It’s impossible not to remember the Steubenville rape when you read about the Maryville rape, but in this case, we hear from the girls.
The Maryville rape case has many of the elements we’ve come to expect. Small town America. Football. Entitlement. Alcohol. Videos. Social media bullying. A teenage girl discarded and left for dead.
What’s shocking in this case (and I wish the shock was simply that it happened again) is that the survivors have gone public.
In case you’ve missed any of the story, here’s what happened in Maryville, MO last January: Daisy Coleman (age 13) and her friend Paige Borlan (age 14) had a sleepover; they drank some alcohol while Daisy exchanged texts with a boy she knew from school. A little drunk already, they sneaked out to meet him and a friend. Once they were with the boys, the girls were separated and given more to drink. Both were sexually assaulted while a third boy video taped one of the rapes.
When it was over, Daisy was too drunk to stand. Paige was out of it and confused. The boys drove them back to Daisy’s, leaving Daisy on her front porch, in the dead of winter, barely conscious, and sending Paige inside.

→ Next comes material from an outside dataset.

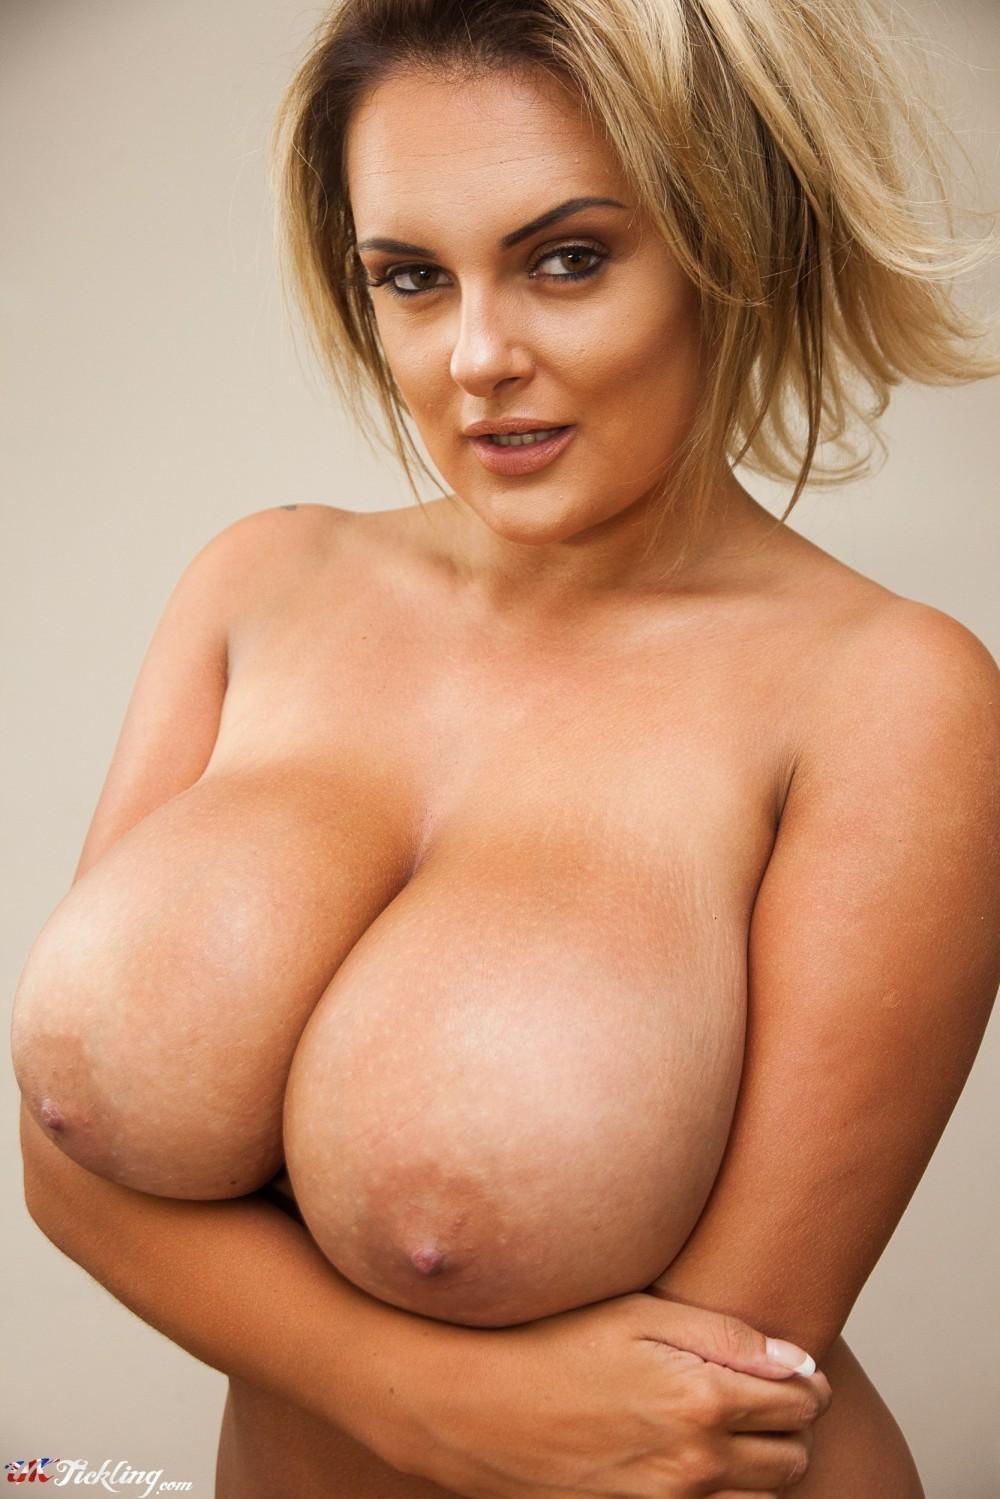 Know, katie thornton naked opinion

Named in the case is 17-year-old Matthew Barnett (the grandson of Republican representative Rex Barnett) who allegedly raped Coleman, along with an unnamed boy, and Jordan Zech, who taped the events.
We have the names. There was a tape—so let’s get ‘em, right? Not so fast.
In an unbelieveable turn of events, the case was dropped even though the sheriff’s office agreed that evidence supported the girls’ account of what happened. According to Prosecutor Robert Rice, the rape kits, interviews and Zech’s admission that he deleted the video from that night were not enough to convict Barnett of sexual assault and endangering the welfare of a child, or to convict Zech of sexual exploitation of a child.
I could, and there’s a version of this post were I did, go on a massive rant about the Maryville rape. I could talk about how we need to educate our boys and support our girls. But I am guessing you know all of that.
Instead, let’s look at how Daisy and Paige have handled themselves since this case went public. In the face of the sheriff’s advice to Coleman to “get over it” and articles like Slate’s “Tell College Women to Stop Getting Drunk” — which includes this gem of a quote, “If I had a son, I would tell him that it’s in his self-interest not to be the drunken frat boy who finds himself accused of raping a drunken classmate,” the girls went public with their names and their faces.
Daisy and Paige are forcing the world to look them in the eye and listen to what happened, which is incredibly brave.
Victims don’t owe the public anything, and they shouldn’t have to prove their case in the media. But, when the judicial system fails as miserably as it did in this case, it’s their right to speak as hashtags supporting their attackers stream across their social feeds.
To be clear, it’s their right, not their obligation. The danger here is the assumption that if allegations are true, victims should, and can, step forward. With the support of their families, these girls made that choice. Maybe speaking out is a way to empower themselves in a situation when all power was removed.
For some, coming forward isn’t an option. Maybe they don’t have familial support. Maybe they fear being judged by their religious community. Maybe they know that putting themselves in the line of fire will subject them to even more attacks.
What we do know is that two girls were raped in Maryville, and the evidence was there to prove it. Now, these girls are being forced to rely on the court of public opinion and hope for a small shred of justice.
The good news is that pressure from the public, including protests by members of Anonymous, is actually working. Earlier this week, Missouri Lt. Gov. Peter Kinder released a statement saying recent reports involving the Maryville rape case, “Raise all kinds of questions that it is now clear won’t be put to rest.” And Tim Jones, a Republican member of the Missouri House of Representatives, issued a statement urging officials to re-open their investigation. Thursday, the case was officially reopened. Let’s hope that this time around, Daisy and Paige get the justice they deserve.